Giving up on ‘ideas’ as objects helps us understand what Wittgenstein and Derrida and Rorty (and the Buddha and Lao Tsu among others) wanted to teach us, in the sense that conceptuality – and by extension all knowledge – is intrinsically undecidable, unstable and ephemeral. And this insight has some very serious political, existential and philosophical implications.

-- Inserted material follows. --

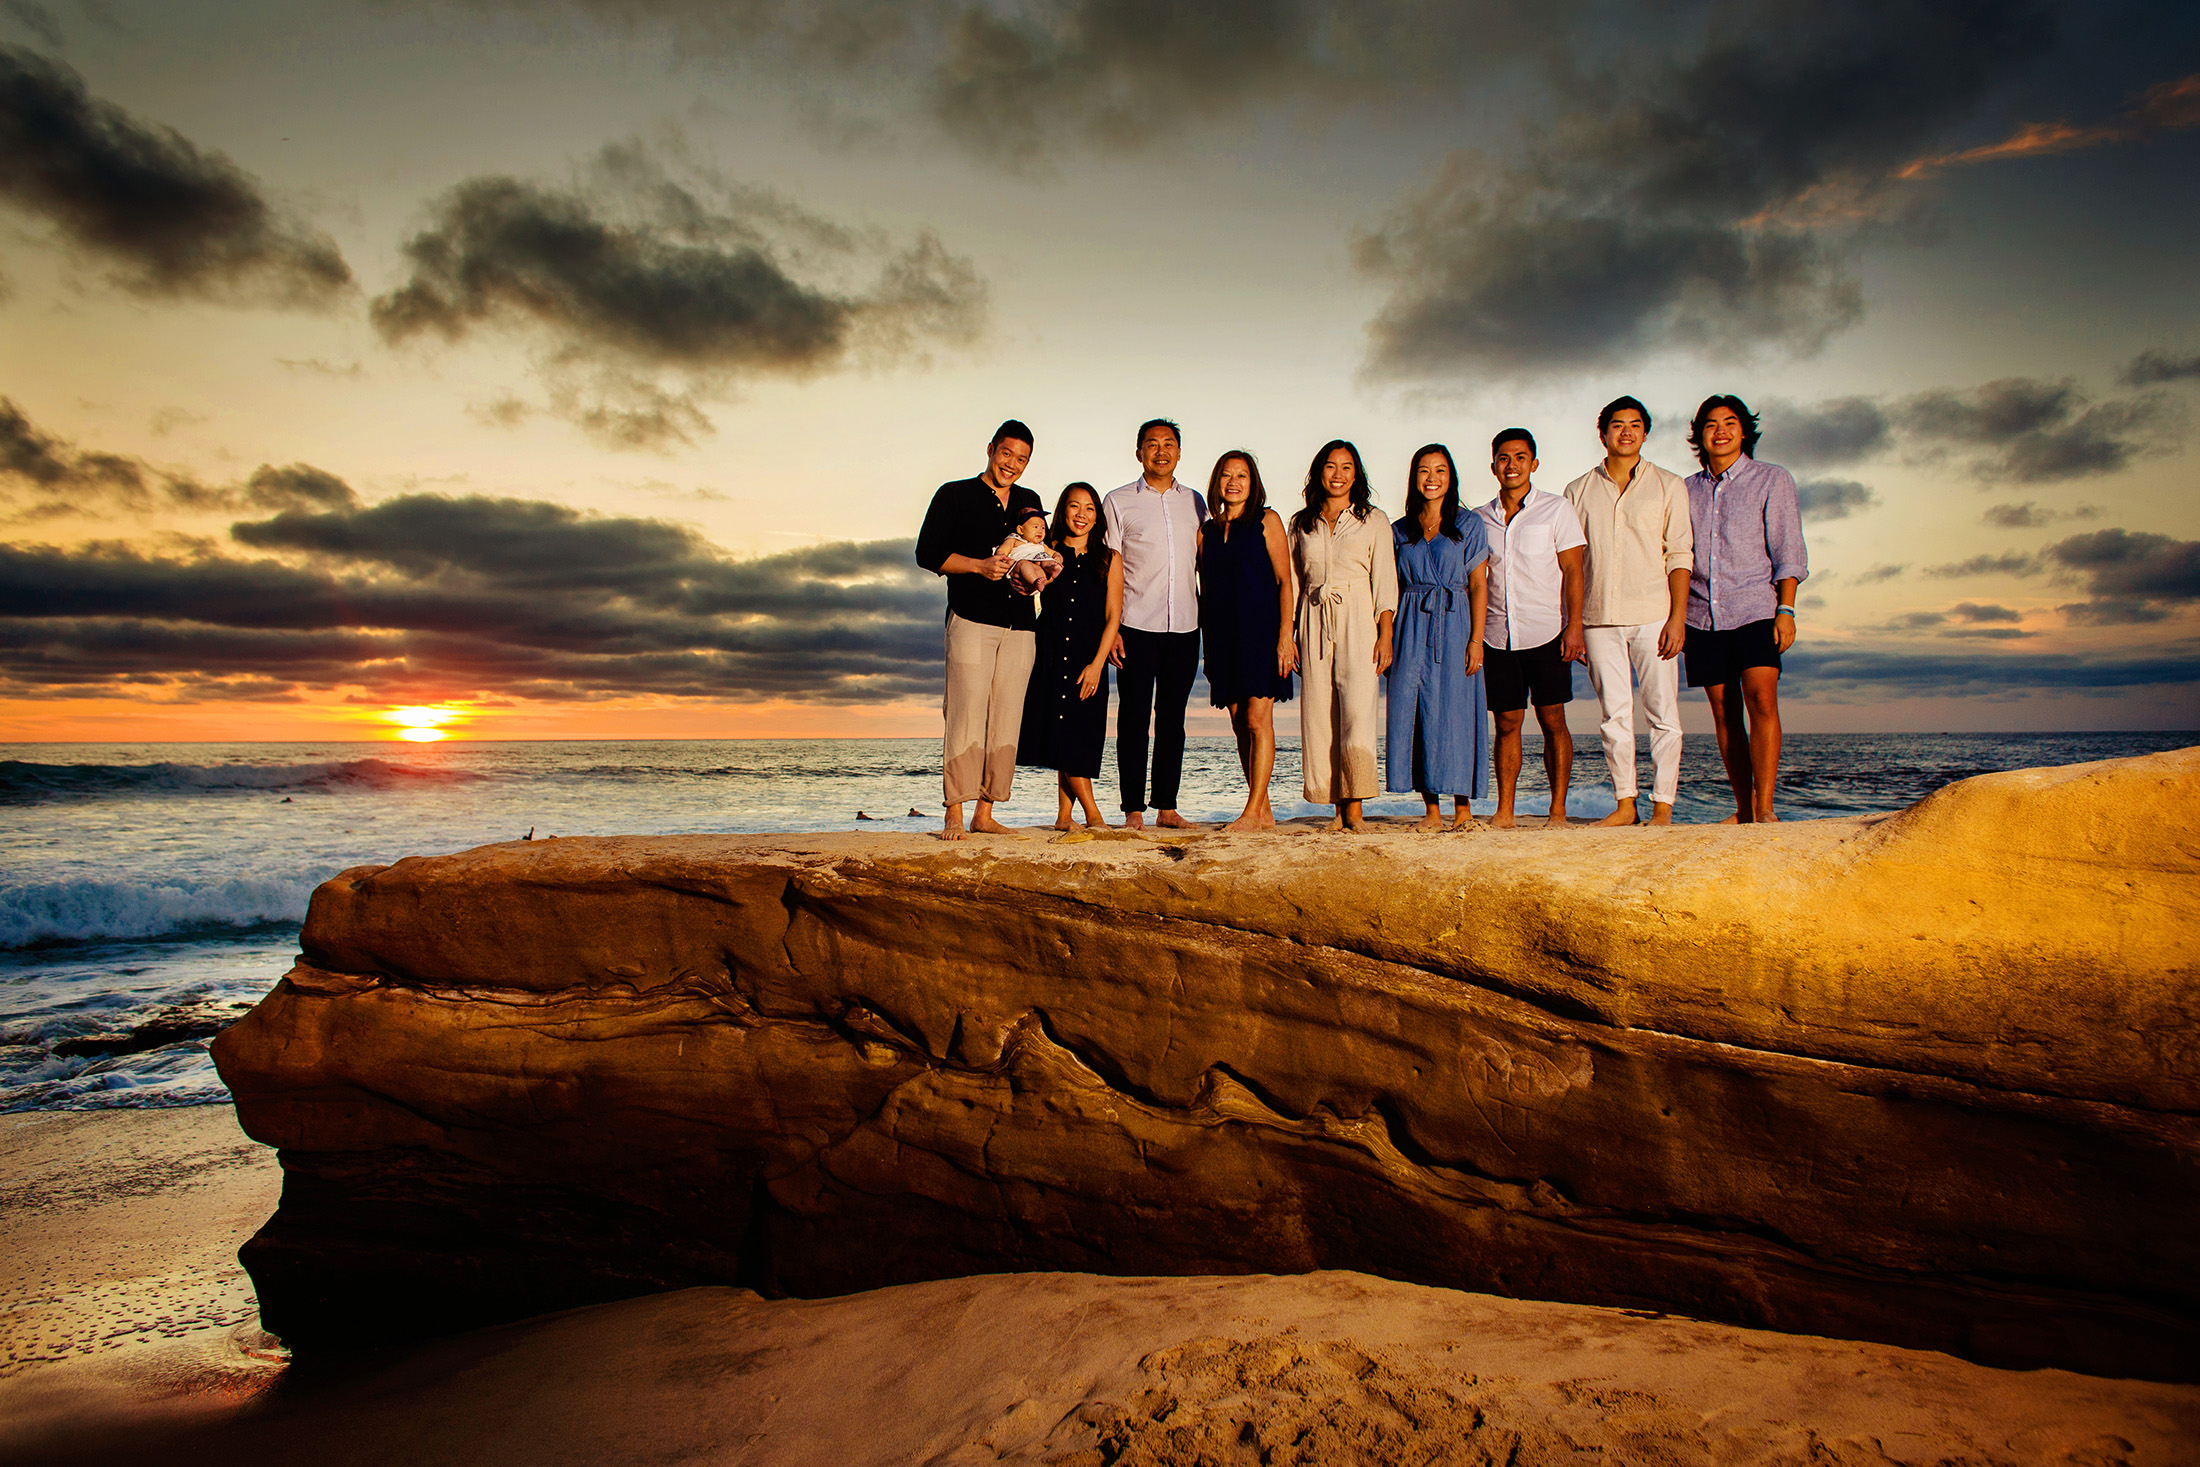 Love photographing familes at San Diego's favorite beach in La Jolla. Best place for sunsets on the rocky cliffs

I agree completely that conceptuality is often undecidable. Reality usually always out runs our everyday descriptions. But on some rare occasions, like those concocted in the laboratory by experimental physicists, the conceptual structure of reality becomes decidable to an uncanny degree of accuracy as formal mathematical descriptions are found to correlate with natural processes. These descriptions remain approximations, of course, since they are never purely conceptual. It needs to be said, to balance Michael’s denial of conceptuality, that sensuality is no less unstable and ephemeral. Prehension, since it always carries a mix of physical and conceptual factors, is necessarily abstraction. If it were not abstraction, each actual entity would contain every other actual entity within itself in such a direct way that there would be no way to tell any two actual occasions apart. Without eternal objects/ideas to mediate between the mutual prehensions of particular actual occasions, their particularity would become meaningless: all time and space would collapse into an instantaneous null-point. Pure conceptual knowledge is as undecidable as pure sensation. It is only when creatively contrasted that something actual can emerge.

Tilting at windmill materialism: Towards an Ontology of Organism (OoO)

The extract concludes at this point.